1. The plotline shows how holding employees accountable for harassment and bullying can improve morale and productivity. Conversely, a lack of accountability for misconduct can create stress, burnout and turnover.”
One of the most important things I took away from this article is the importance of having zero tolerance for bullying in the workplace and a system in place to hold employees accountable for their actions.
Providing a Helping Hand
Baking equipment manufacturer Rademaker inspires others through its collaboration with The Women’s Bakery, an organization that teaches women baking skills and provides equipment for them to open their own bakeries in East Africa. The initiative provides women with the opportunity to own and run their own businesses while also providing nutritious, low-cost food for their communities. It’s a win-win.
“I believe it is our obligation as people on this earth to take care of and help each other as a result of the help we have been given,” said Eric Riggle, president of Rademaker USA. “The smallest gestures are more valuable than the greatest of intentions, so don’t overthink or underestimate your ability to help someone.”
That commitment to helping others carries over into his leadership at Rademaker.
“My philosophy and what I try to instill at Rademaker is to be the light that you want to see in the world,” he said. “You never know where the next great idea will come from, and that person you help today will pay that help forward for generations to come.”
Team Unity and Trust
2. “Ted emphasizes team unity and relying on one another for support.”

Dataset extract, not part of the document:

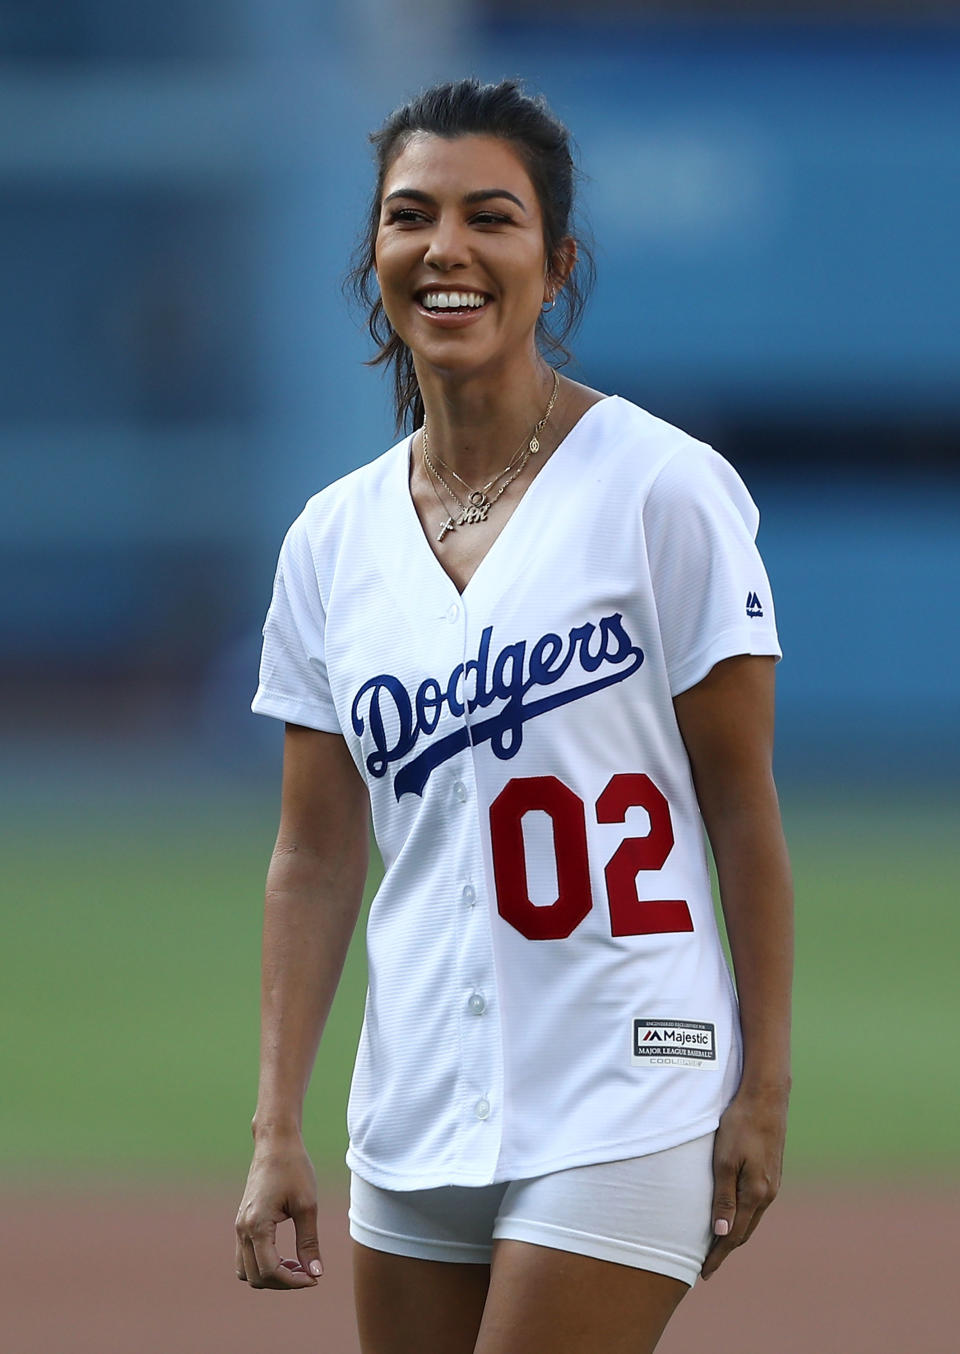 LOS ANGELES, CA - AUGUST 02:  Kourtney Kardashian looks on after throwing out the ceremonial first pitch prior to the MLB game at Dodger Stadium on August 2, 2018 in Los Angeles, California. The Dodgers defeated the Brewers 21-5.  (Photo by Victor Decolongon/Getty Images)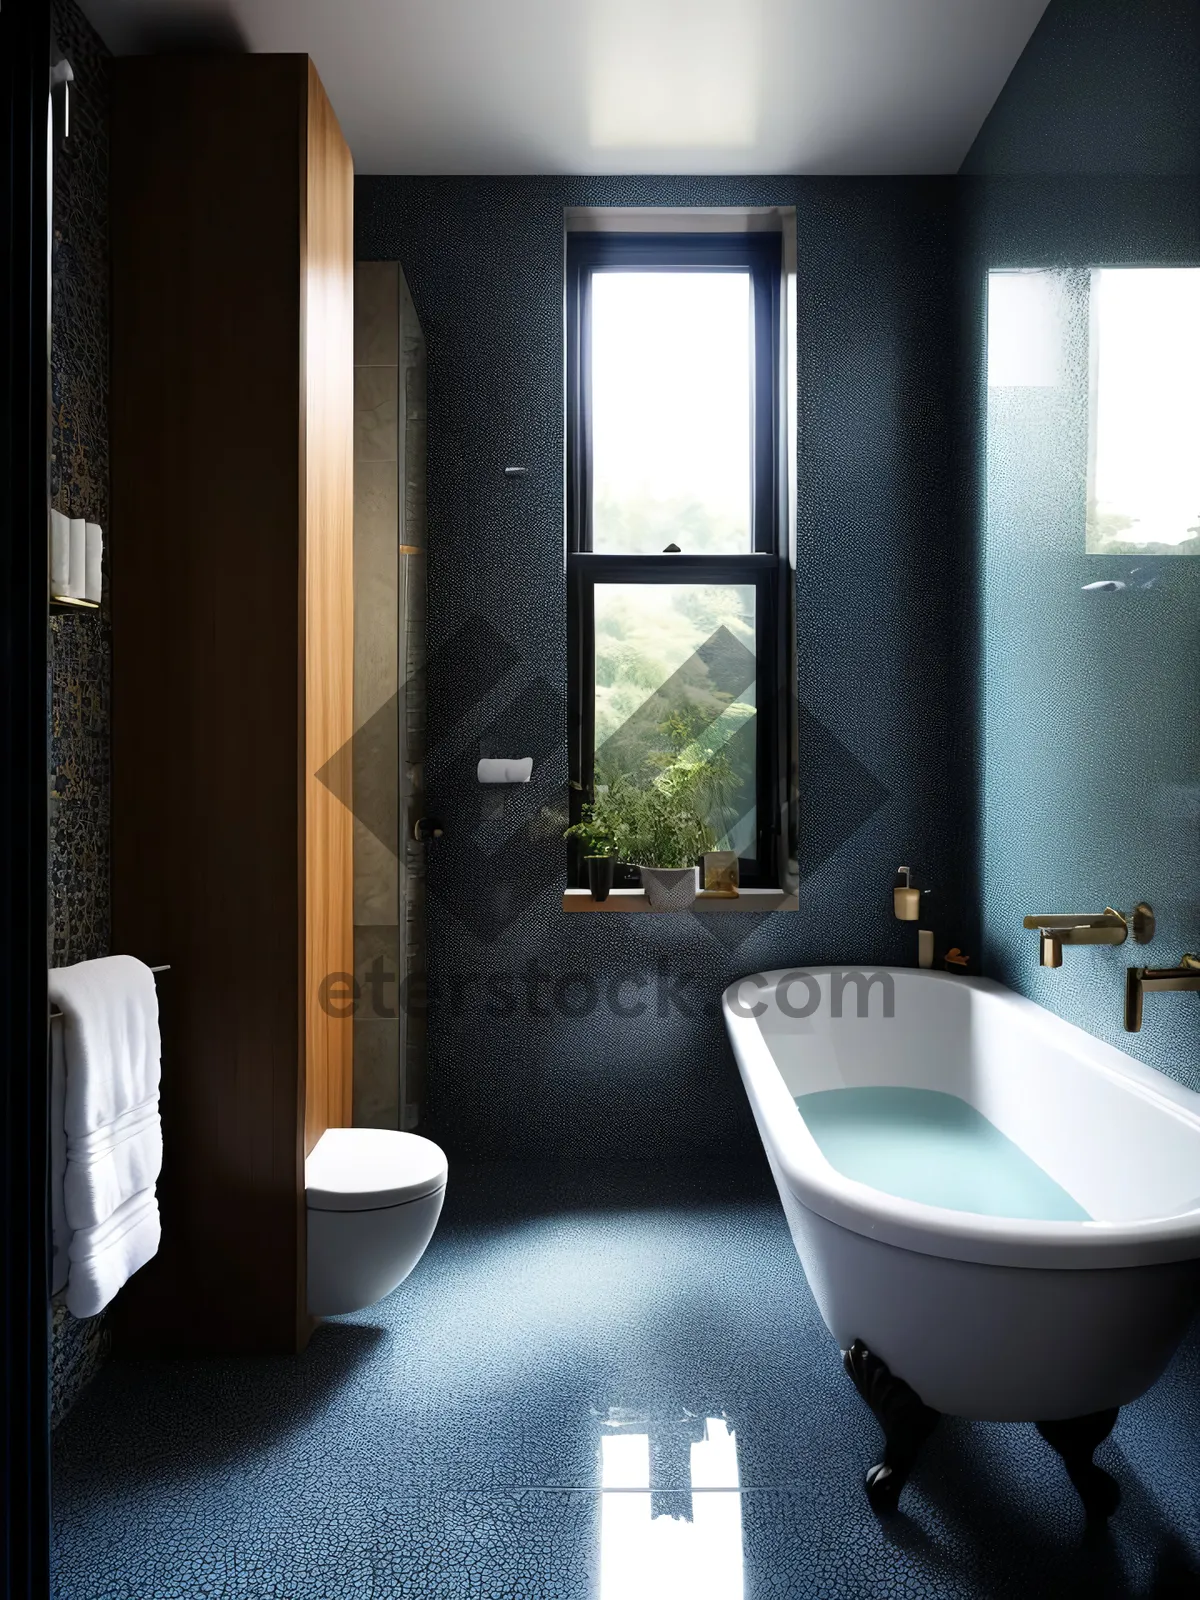 Picture of Modern luxury bathroom with clean design and stylish fixtures

To truly operate as a team, you have to trust each other. In the show, Ted is constantly reminding the players they must work together. Especially when you have a small staff, creating trust between team members so they can rely on each other is a top priority.
This goes hand in hand with the first point about creating an environment where bullying is not tolerated and accountability is required. Without those two things, it’s impossible to create an environment built on trust.
Kindness and Employee Morale
3. “To forge a workplace culture of kindness, simple gestures like thank-you notes and regular check-ins with your staff can go a long way. One of Ted’s hallmarks is ‘Biscuits with the Boss,’ where he brings homemade shortbread cookies to Rebecca each day.
Kindness matters, especially in the workplace. Simple gestures go a long way toward improving employee morale and mental health.
Most of the time people just want to know their hard work is appreciated. When workers are tired and stressed, a positive culture and environment can help them continue to do their best and push through those difficult moments.
Empowerment and Management
4. “If you’re willing to let someone be autonomous, that doesn’t mean you ignore them; that doesn’t mean you don’t give them goals and check in on them,” Dan Pontius, president of Choose Mental Health, an Orem, Utah-based nonprofit focused on children’s mental health, said in the article. “That’s what the character Ted Lasso does. He’s hands-on. He’s in the middle of it. He’s got a story for you. He’s got an analogy. It’s an excellent example of management where you are concerned and taking care of your staff.”
At BEMA, we are working to create a culture that values each team member’s strengths and ability to work independently, but we also set individual goals and support each other in reaching them.
Creating a culture where employees feel empowered but not ignored is often a delicate balance, but regular check-ins and open-door policies can go a long way toward building a culture of openness and respect that is key to good mental health.
An ideal workplace where mental health is prioritized isn’t an overnight project. It’s an ongoing process, and while there are policies we can put into place to help direct change, we also must realize that it’s a work in progress every day.
Come to the workplace (remote, hybrid, in-person) each day with a Ted Lasso attitude. Positive, encouraging leadership at all levels can have a contagious impact on your team and company.